I spent 90 minutes recently rediscovering the Toronto-Dominion Centre and have decided to anoint those six buildings as Toronto’s best design. The trouble with the TD Centre is that’s been around for so long that everyone takes it for granted. It nearly didn’t happen and the fact that it exists at all is due to the vision of one man, Allen Lambert, Chairman of TD Bank from 1961 until he retired in 1978. Lambert was introduced to art and architecture by David Rockefeller of Chase Manhattan Bank when the U.S. institution sought to buy TD. The takeover was quashed by Ottawa, but Lambert began to haunt art galleries and think about design.

At the time, Toronto had seen few new office buildings for decades. Developer William Zeckendorf, who had built Montreal’s Place Ville Marie, approached Lambert in the early 1960s with plans for a concrete tower that Lambert rejected. Lambert turned instead to Cemp Investments, a Bronfman firm, a move which brought in Phyllis Lambert (no relation), Sam Bronfman’s daughter. The Bronfmans had just built a new headquarters for Seagram on New York’s Park Avenue. The architect Phyllis picked for that structure was Ludwig Mies van der Rohe who was also chosen for the TD centre. In the end, New York got but one Mies while Toronto has six plus the banking pavilion in the International Style.
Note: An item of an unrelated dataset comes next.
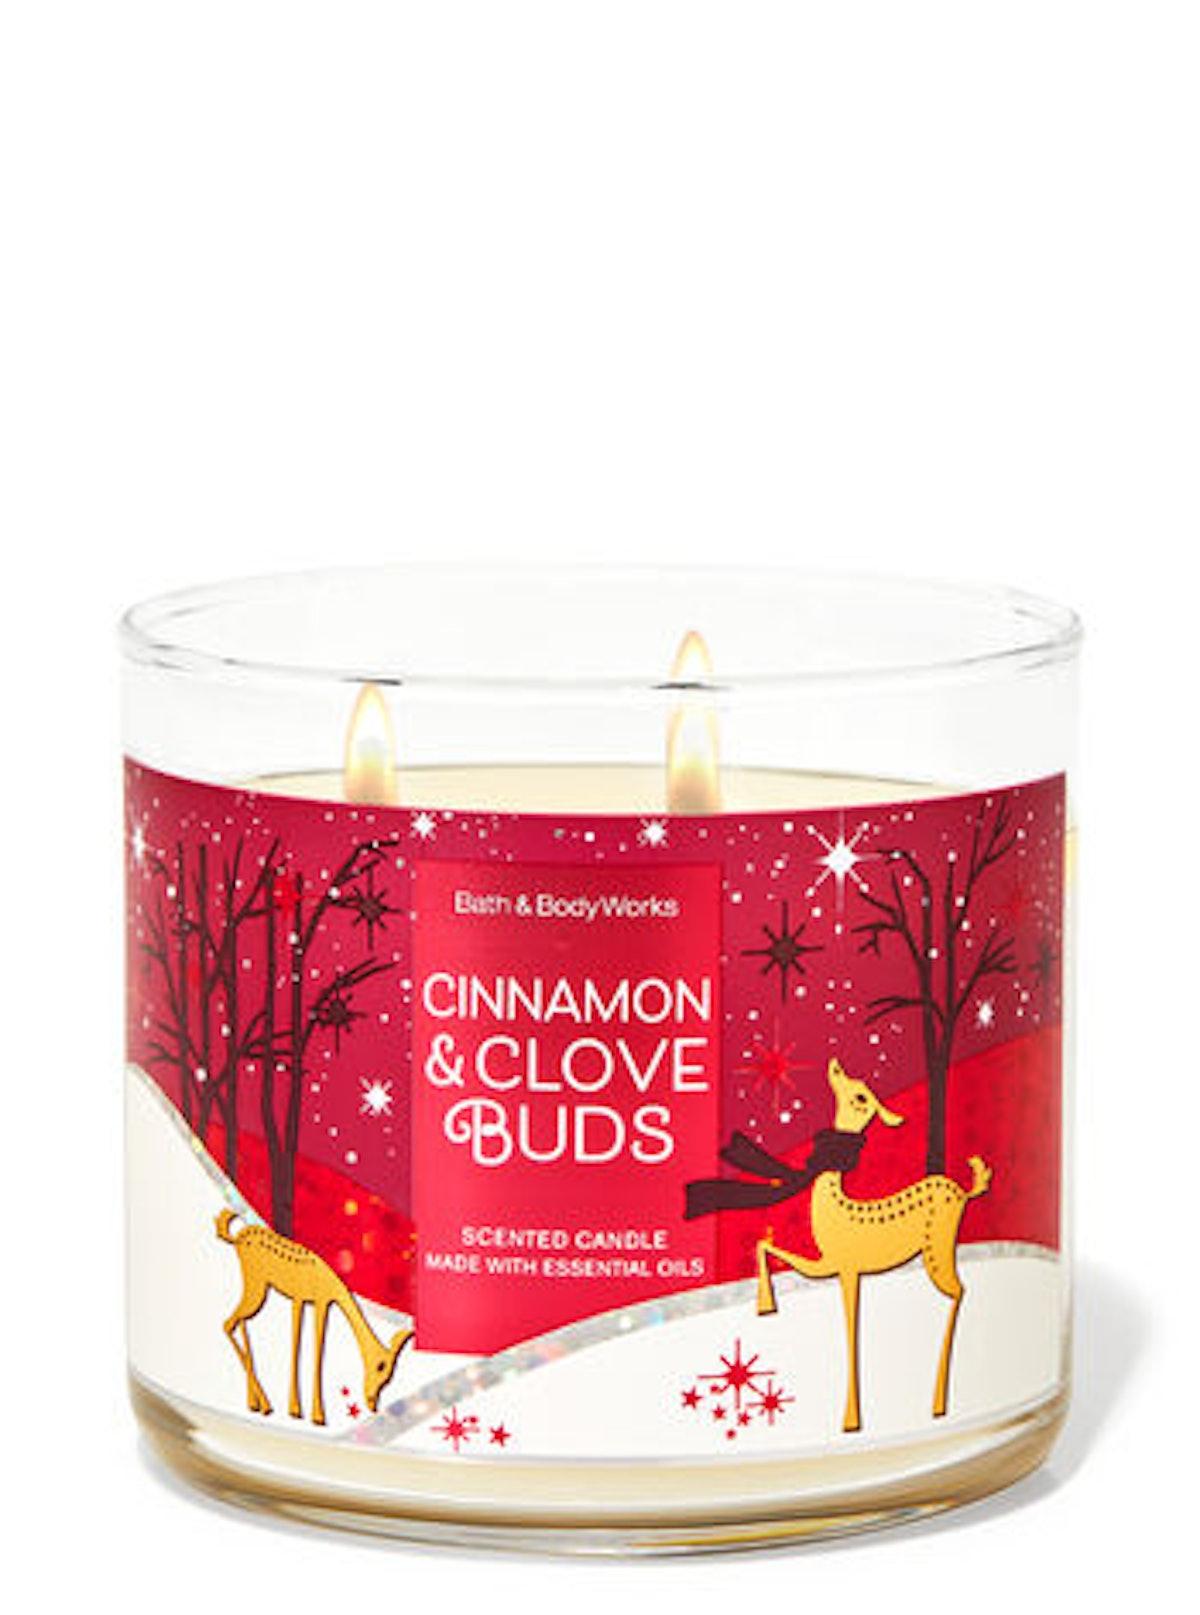 Cinnamon Clove Buds Three-Wick Candle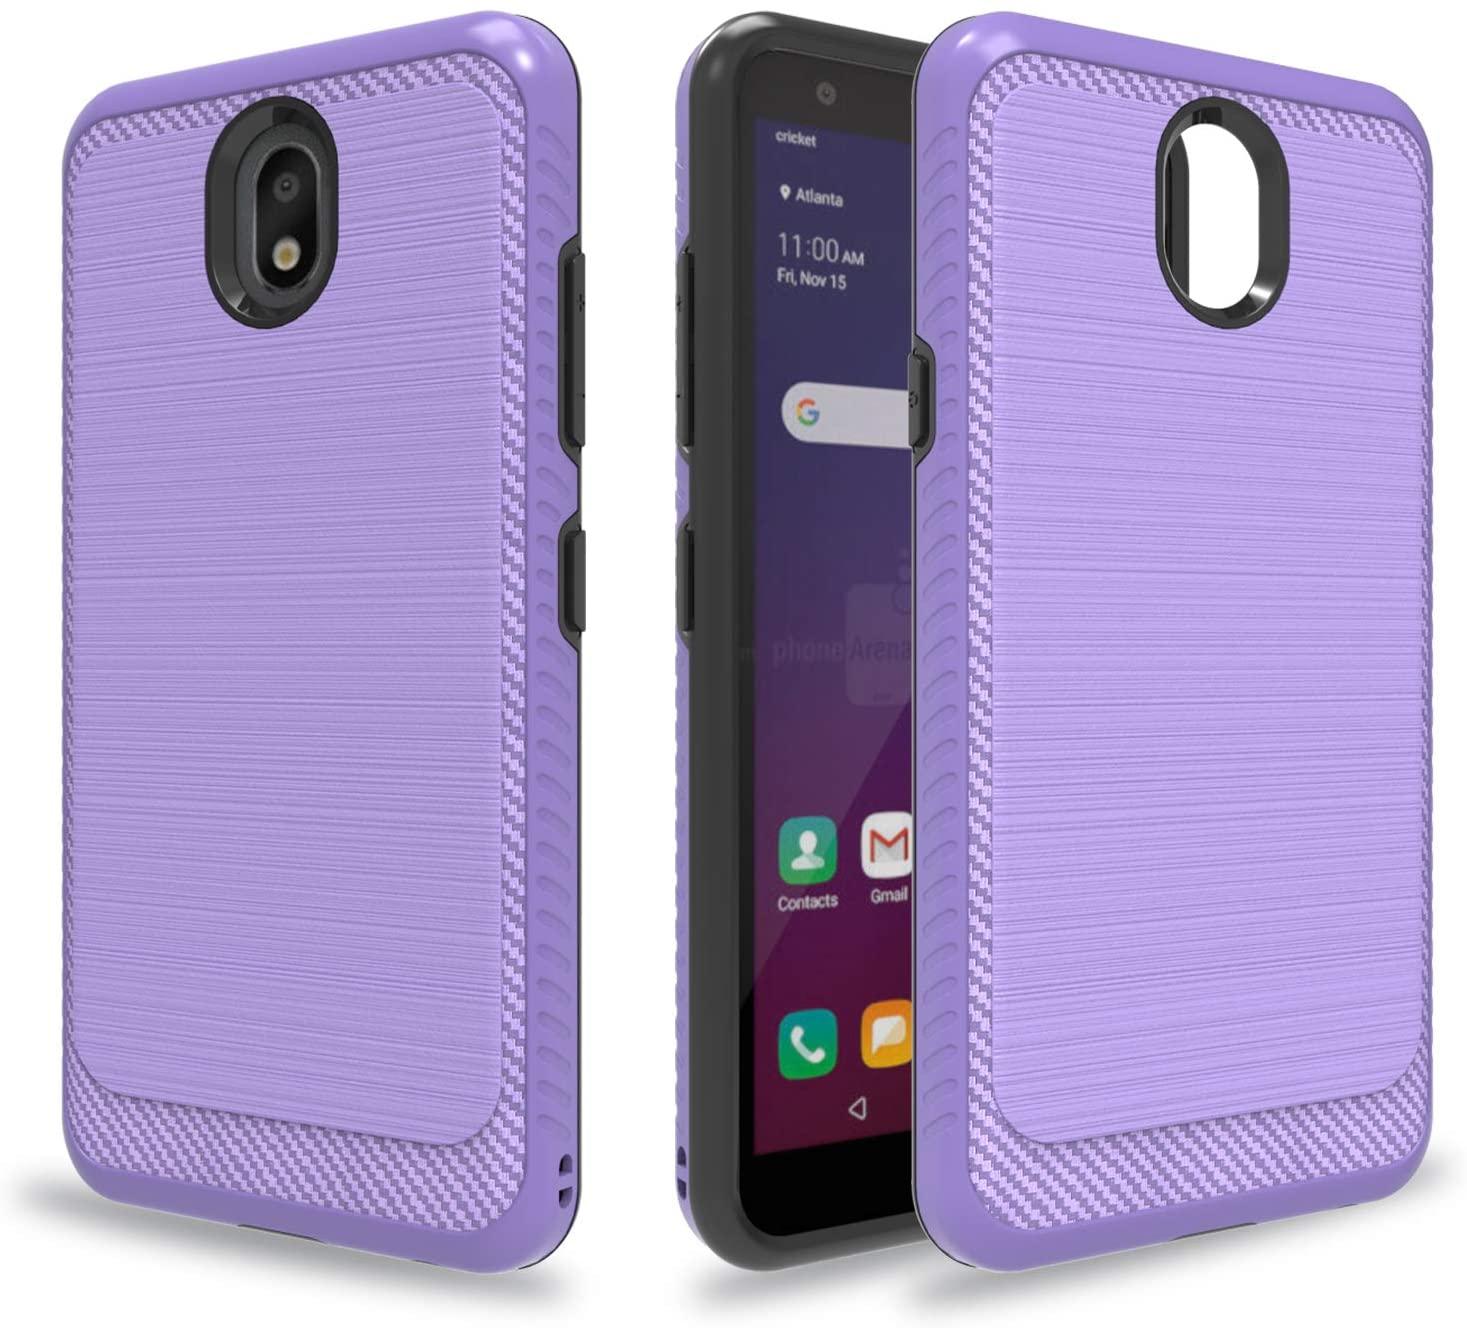 Ayoo:LG Escape Plus Case,LG X2 2019 Case,LG Tribute Royal Case,LG Journey LTE/ K30 2019/ LG Arena 2 Case,Brushed Texture Full-Body Shockproof Protective Cases Design for LG Escape Plus-HLS Purple

Until the TD Centre was begun, there was still some question where downtown Toronto would be situated: King and Bay or Yonge and Bloor. Allen Lambert made the decision. And his legacy didn’t stop there. As a Centennial project in 1967, TD bought 100 pieces of Inuit sculpture. His successor, Dick Thomson, in 1981 added another 100 works curated by the Smithsonian for an 11-city U.S. tour. The magnificent collection is displayed on the mezzanine in the South Tower on Wellington Street.

To my mind the bronze-tinted glass and black steel towers of the TD Centre look as fresh and as stunning as they did when they were completed from 1967 to 1991. Allen Lambert, who continued to be active in business until his death in 2002 at 90, used to joke that there were three ages of man: youth, middle-age and “You’re looking well.” In his case, because of his unique contribution to the downtown core, I think there’s a fourth age: eternal.